Long before you and I were born there existed transportation canals. They were man made. Most of them are gone now but some of our bike trails have been built along some of them. Here where I live in Fort Wayne, Indiana the Wabash-Erie Canal passed thru.

We have at least 4 local trails that go along the paths of these canals. If I had not researched a little bit about this canal I would have remained totally ignorant of it. The Wabash-Erie Canal pretty much followed along near the Maumee River from Lake Erie near Toledo, Ohio  to Fort Wayne. From Fort Wayne it continued on southwest to the Wabash River and followed it southward until it headed back southeast to the White River. It ended at the Ohio River at Evansville, Indiana for a total distance of 497 miles.

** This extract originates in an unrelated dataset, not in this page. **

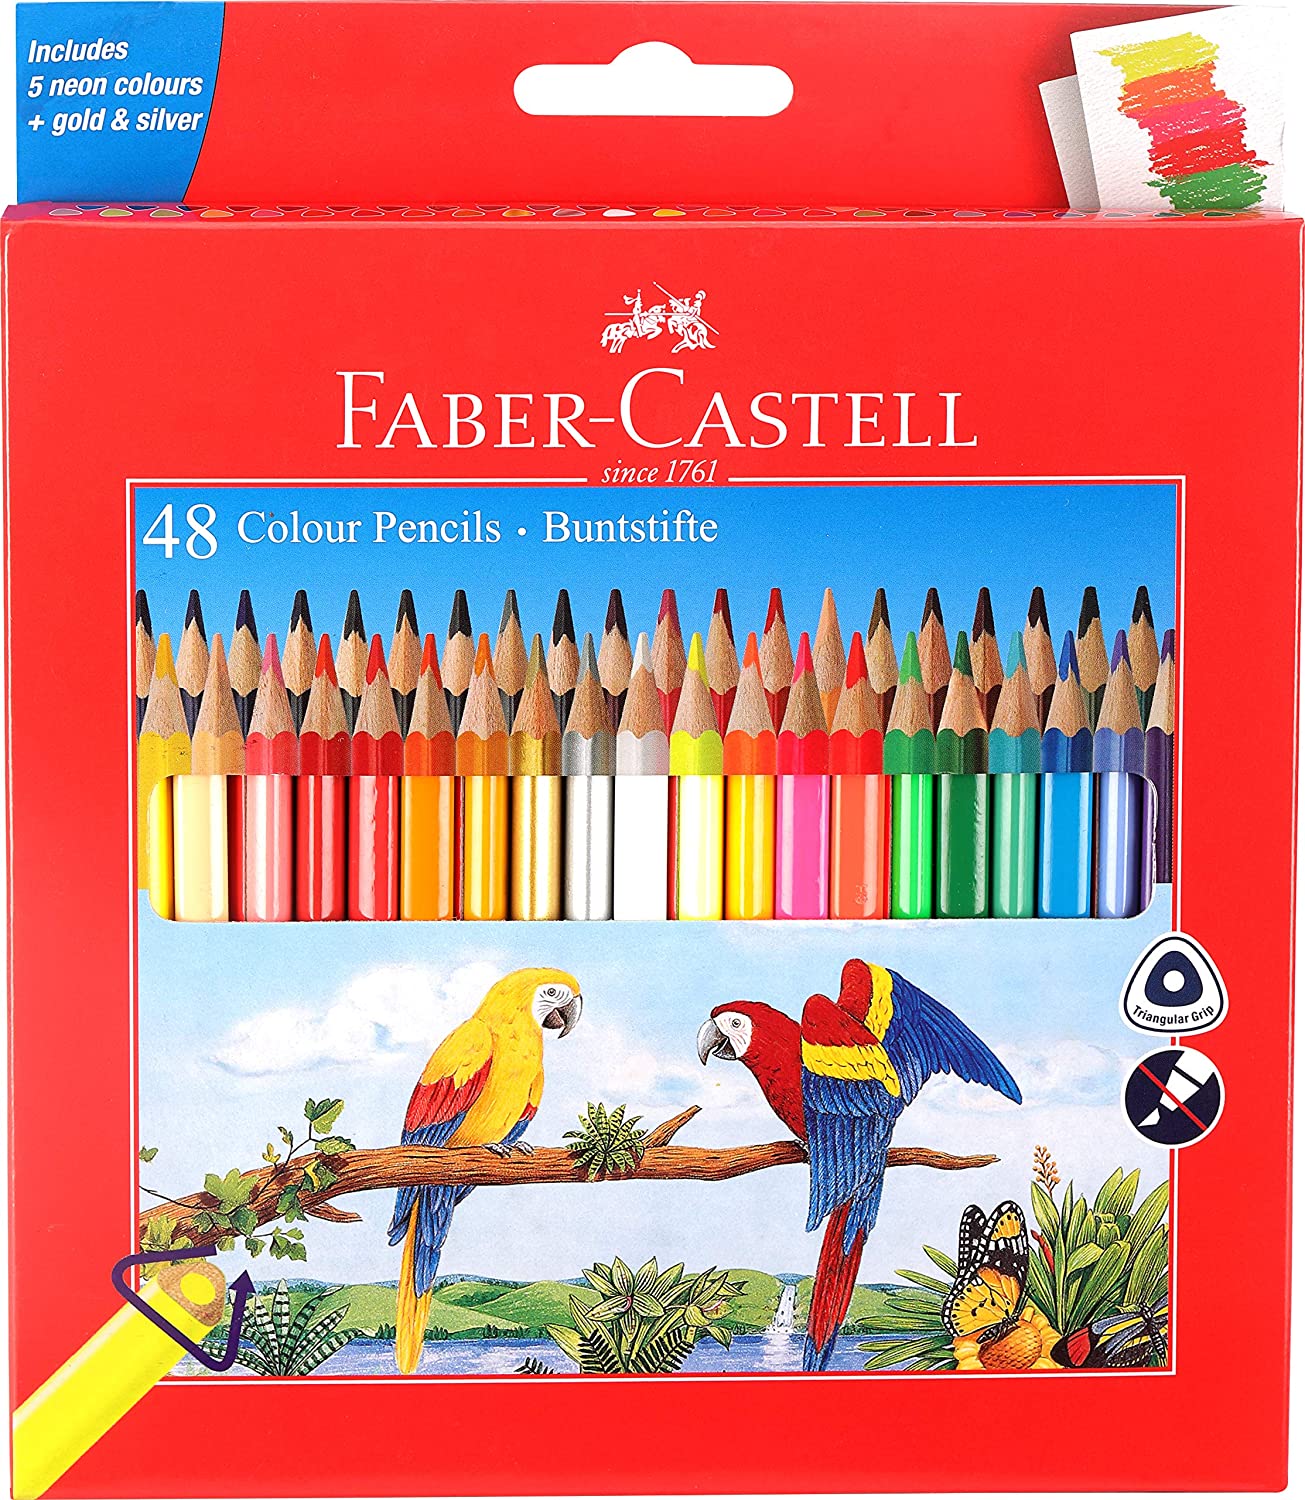 worth it brands - Faber Castell colored pencils

Perhaps you noticed that the sign shows the canal as being only 468 miles long instead of the 497 I stated above. I don’t know which is correct, but 497 is what I read online. On the map far above you can see the several canals that used to exist. The picture below shows a typical canal boat used on the canals. They were drawn by a team of horses or mules from the shore alongside of the canals. Those paths were called “towpaths”. There are some modern day trails  which have “Towpath” in their name. We have one right here in Fort Wayne.

The canal was abandoned in 1874, sold in 1877, and its path through Fort Wayne sold in 1881 to the Nickel Plate Railroad for its roadbed. The last boat was seen on the canal in 1882. Historical Society Marker

I read that these draft animals can pull 50 times more weight on a boat in water than they could if it were on  a wagon on land.

Along the Towpath Trail there are still some remains of the canal. I have ridden past there hundreds of times and never realized  this. Just yesteday I found out about it.

For what it is worth right after I composed this article I rode the Towpath Trail again looking for signs of a former canal. I stopped and got off of my trike and walked over to the area shown circled, but I saw no sign of a canal ever being there.

From the St. Joseph River a “feeder canal” was built taking water from the St. Joe River down into downtown Ft. Wayne to provide additional water to the Wabash-Erie Canal. The St. Joseph Pathway and Becketts Run Trail  follow alongside of it in places. I have seen sections of this feeder canal as it is quite obvious.


In the picture above the red line indicates the Saint Joseph Pathway as it passes thru Purdue University property. The yellow line indicates the feeder canal. It runs in a straight line all the way up to where it connected to the St. Joe River further up north of Becketts Run Trail in what used to be called Robinson Park. It is all gone today as it has been made into a housing subdivision. The blue line indicates the west bank of the St. Joe River. The picture below is of the same area. You can see the water filled canal running alongside of the bike trail.

Here is a sign concerning the feeder canal along Becketts Run Trail.

This is a modern day replica of a canal boat. This one is made of aluminum and is used to offer rides to those wanting to take a river cruise aboard it here in Fort Wayne. There is a monetary charge for it. It operates mainly on the Saint Marys River and it docks downtown at Prominade Park.

I find it interesting that the Towpath Trail is named after the towing path alongside the canal used by the horses and mules to pull the canal boats, but there is nothing to see as you ride the trail. If there was a canal out there with banks alongside the horses and mules walked on I sure don’t know where it is and I have ridden it hundreds of times. I have often wondered about it. If anything is there to see I am not aware of it. The next time I ride out on the Towpath Trail I am going to look harder to see if anything is there.

I posted an article awhile back about a tadpole trike ride along the Erie Canal. There are several YouTube videos documenting the ride and the remains of the canal.

I contacted a key person with our trails asking if any map is available that shows the former route of the canal and our trails. I was told that none exist but another person came up with a map in a .pdf file format which I have been unsuccessful in posting here. However, I saved it as a .jpg format which I can post here.

If you live near so that you can get to ride near any of these old canals used to exist you might want to check them out to see what remains of them.